(Source data begins)
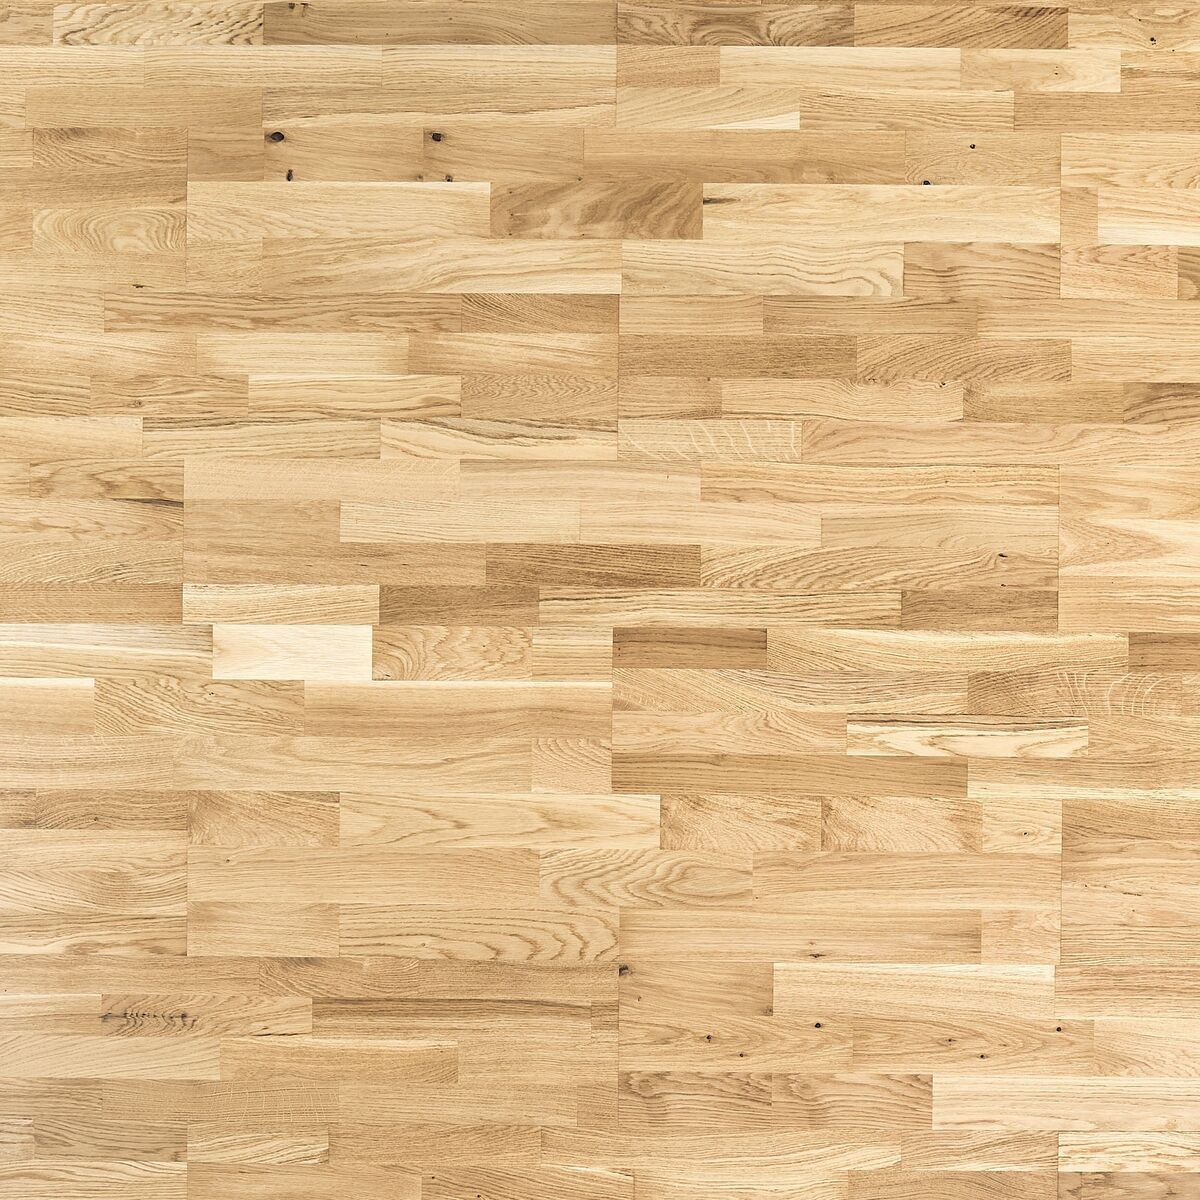 Podłoga drewniana deska trójwarstwowa Dąb rustic 4-lamelowa lakier półmatowy 14 mm Barlinek
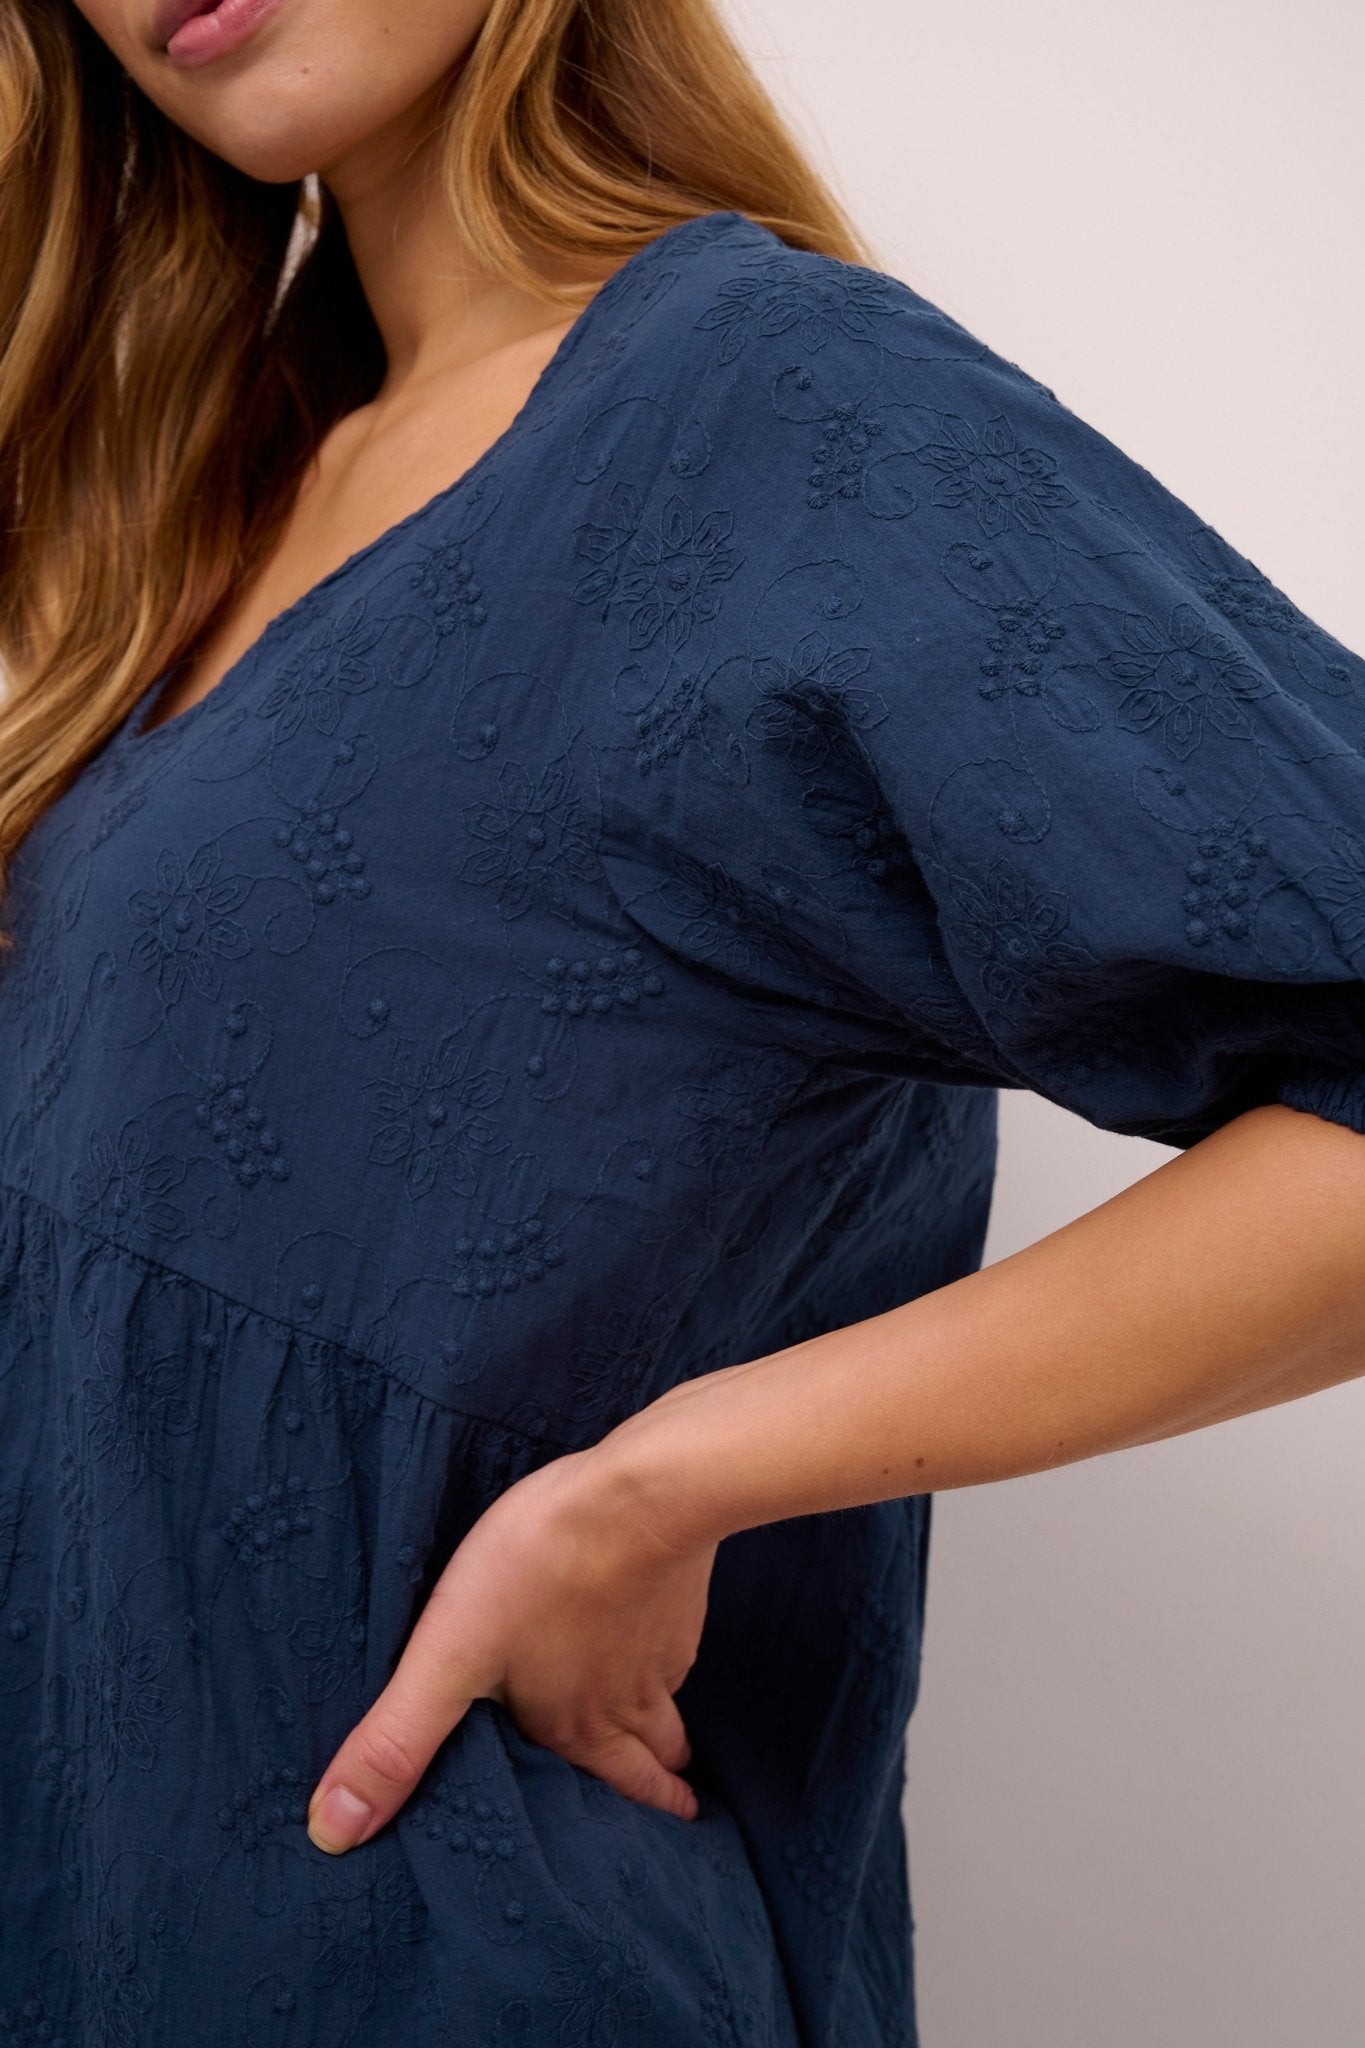 Eve blouse by Culture - dress blues - Blue Sky Fashions & Lingerie
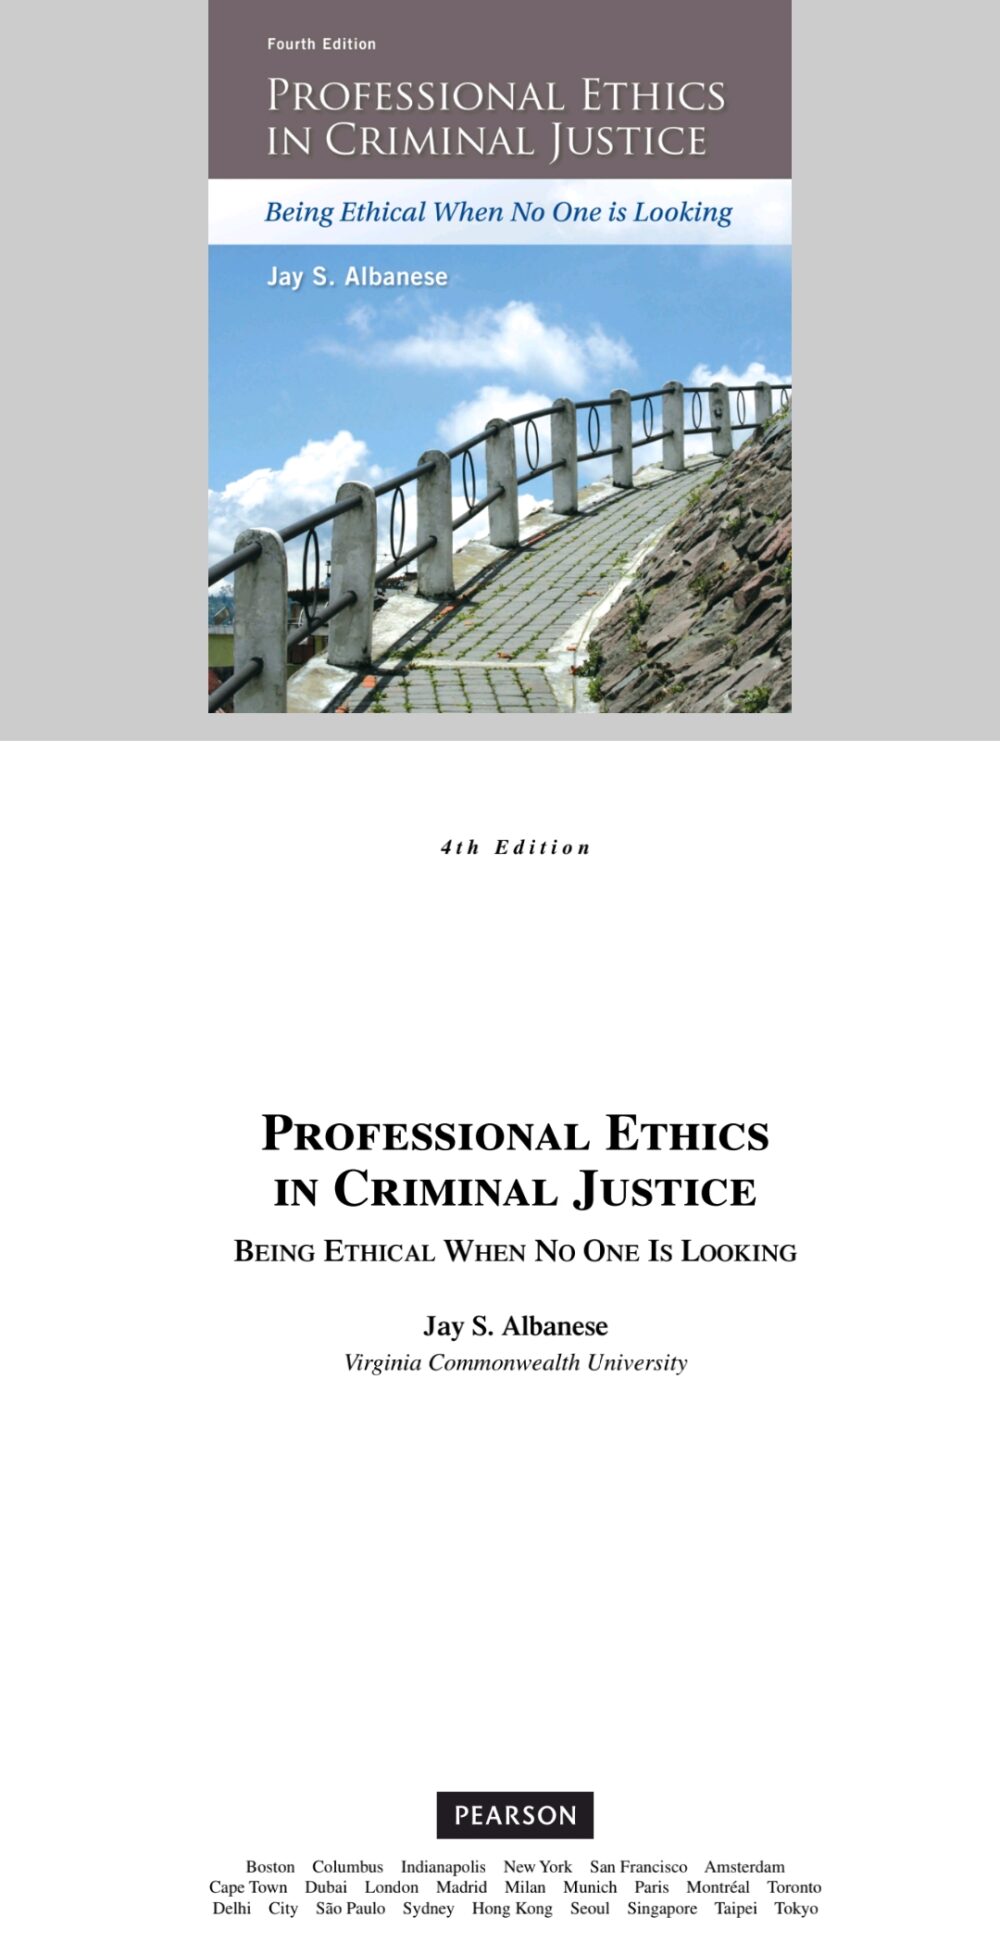 Etica professionale nella giustizia penale: essere etici quando nessuno guarda 4a edizione (quarta edizione)
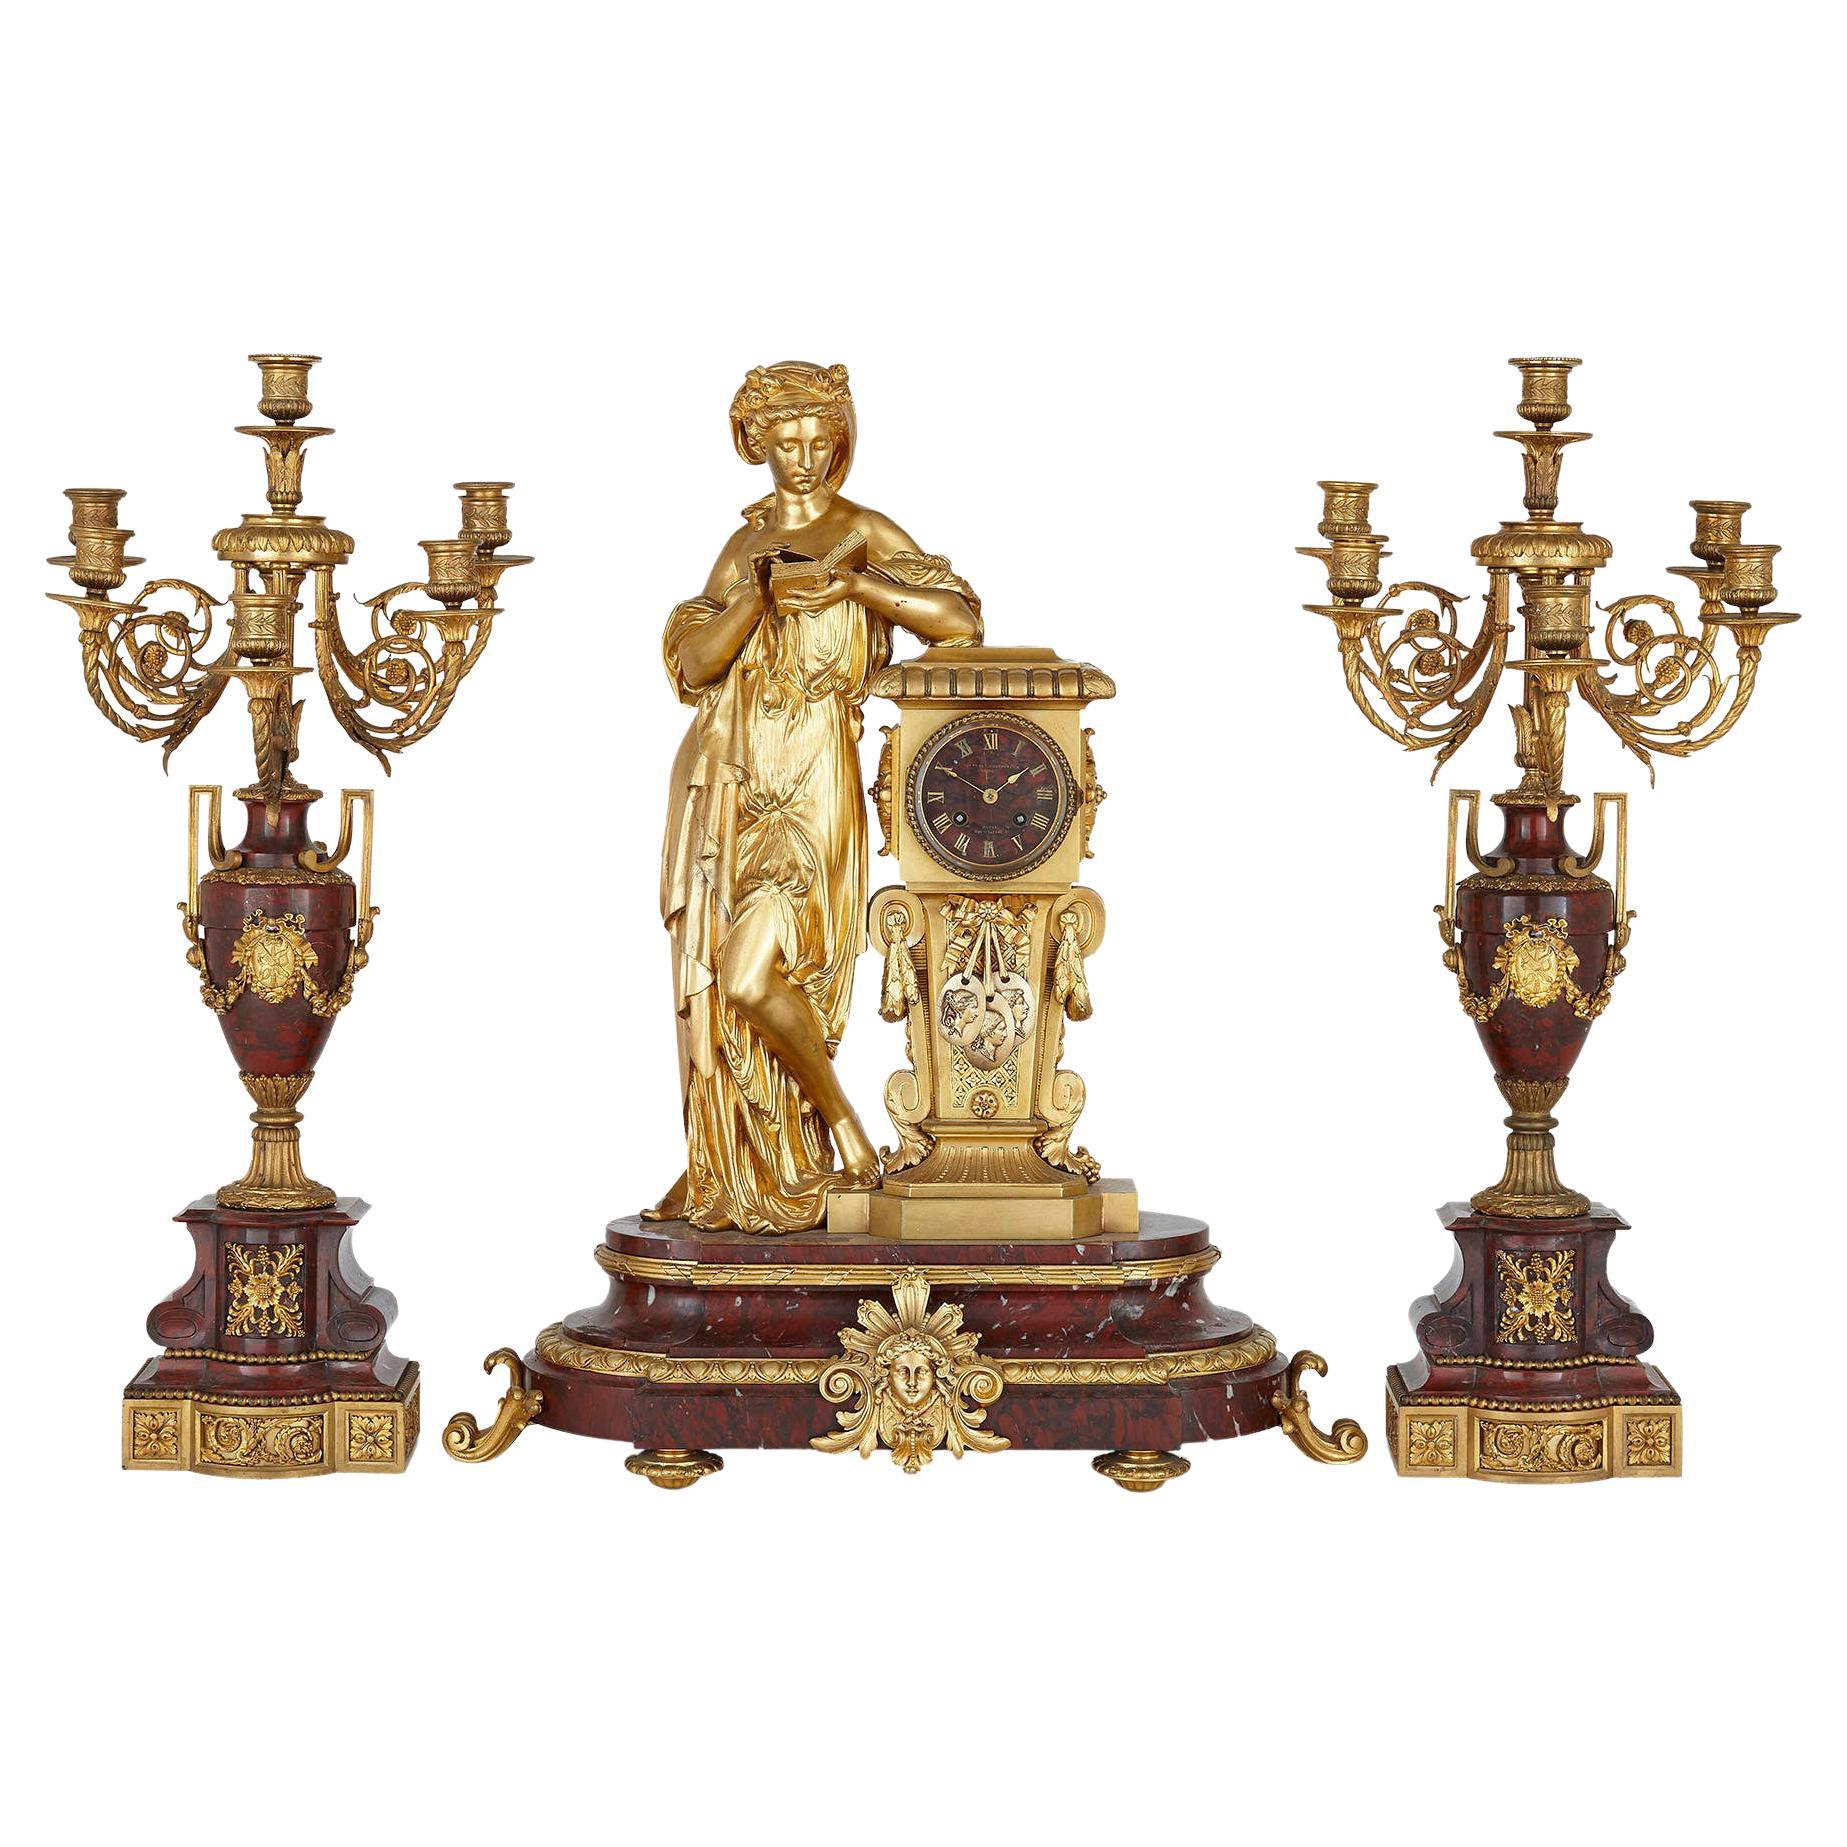 Ensemble d'horloges et de pendules assorties de style néoclassique français en marbre rouge et bronze doré
(Source data ends)
### What is being asked
The output is to be the material in full and unaltered, with pictures omitted.

### Expected answer
 Podłoga drewniana deska trójwarstwowa Dąb rustic 4-lamelowa lakier półmatowy 14 mm Barlinek
 Eve blouse by Culture - dress blues - Blue Sky Fashions & Lingerie
 Etica professionale nella giustizia penale: essere etici quando nessuno guarda 4a edizione (quarta edizione)
 Ensemble d'horloges et de pendules assorties de style néoclassique français en marbre rouge et bronze doré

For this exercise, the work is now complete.